Even I was one amongst the swathe but as I say destiny is a very powerful word it cooed to me in my ears “stop being comfortably numb welcome to existence!”
The life began with a splendid show as I started as one happy and enthusiastic sailor who wasn’t aware of the enriched and vibrant life of the sea. Life was bright, sunny, cloudless and gentle wind blew. I had plenty to prove and plenty to learn. But before I could grow into an experienced sailor with a throttle of confidence I experienced the prowess of destiny. Destiny is a powerful word I believe.
Suddenly cold wind started to blow and it grew dark. I looked at the growling and roaring sea and prayed to calm down. But alas a strong tyrannous and ghastly storm took me on its strong wings of wind and dumped me to some unknown land.
The sea that I had as the family refused to take me back into it. I felt awful. I wanted to prove that I am his own. I slashed my wrist and down came the stream of blood that dropped to the sea. But I was flabbergasted when the blood refused to mix with the salty sea water. Then the sea roared at his top of the voice that the blood I always believed was flowing in my veins had come from the salty sea water, is not actually its. Because the blood is not capable to show its royalty. I a failed sailor can’t be mighty sea’s son. The sea humiliated me saying I belong to some rotten marsh that has ceased to exist. I was ripped into pieces, my soul howled in pain but I tried my best to hide my anger and agony. Every night I promised myself I won’t cry till next night. And no one will get to know about my torment and anguish. But destiny is a powerful word….
I said nothing but my slashed wrist screamed a lot. I was back sailing in the sea.
The sea got harsh than before, it was hot and cruel .Water was every where but all salty, it reminded me of the blood I never belonged to and so I decided I will never drink and I drank my own blood when I was thirsty. I was left in seclusion.
Then came a day when a very strong and beautiful albatross came to my withered boat and sat. It said nothing but I felt it was here to be for me. Here to take me away from this cruel sea. and I started dreaming of living with him under his wings.
It touched my wound and miffed. And it gradually started to heal. He allowed me to sleep under the soft canopy of wings. All the suffering was gone(ALL!!)
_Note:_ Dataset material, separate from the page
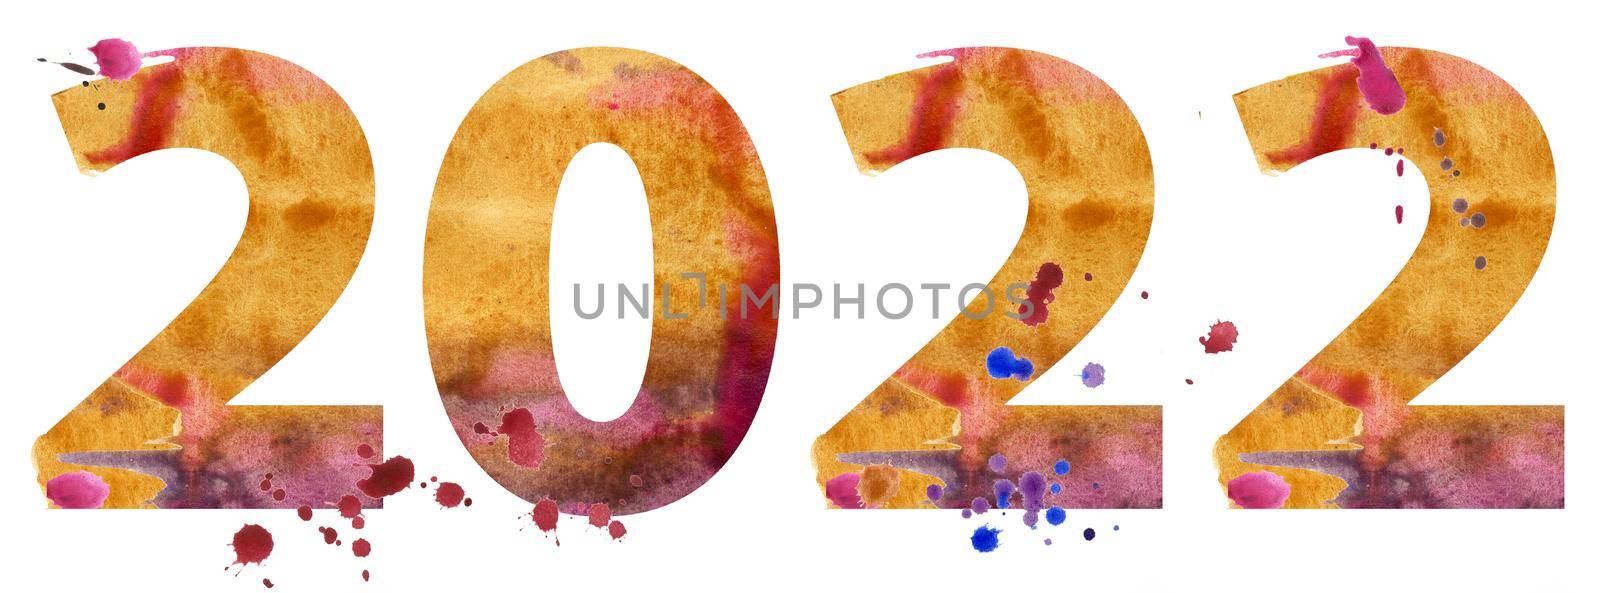 New year 2022 watercolor number isolated on the white background

My faith grew stronger day by day that this truly belongs to me and the albatross stayed. He said nothing but his silence let my hope grow. I thought maybe I should learn to listen to the silence and I tried my best.
And one day the albatross said he is not going to stay here forever and started to spread its wings to take the flight. He said he has too many things to do and he can’t concentrate on me right now. He said he has a future to look forward to. And I couldn’t say anything because he was correct. I was one abandoned kid who belongs to no one. And it is not the albatross that destiny had sent for me. It wasn’t his fault but where was I wrong?
Probably no one has the answer too. Because as I said DESTINY IS A POWERFUL WORD!! I wish I could prove my saying wrong but I have no albatross by my side to do that!
So here existed the blog for the albatross who made me a different person altogether. And now when he is about to fly I am not strong enough to keep visiting the corner where my albatross sat, so I am shutting this corner forever. I am not going to write, something I use to love the most. This is the punishment I deserve for myself.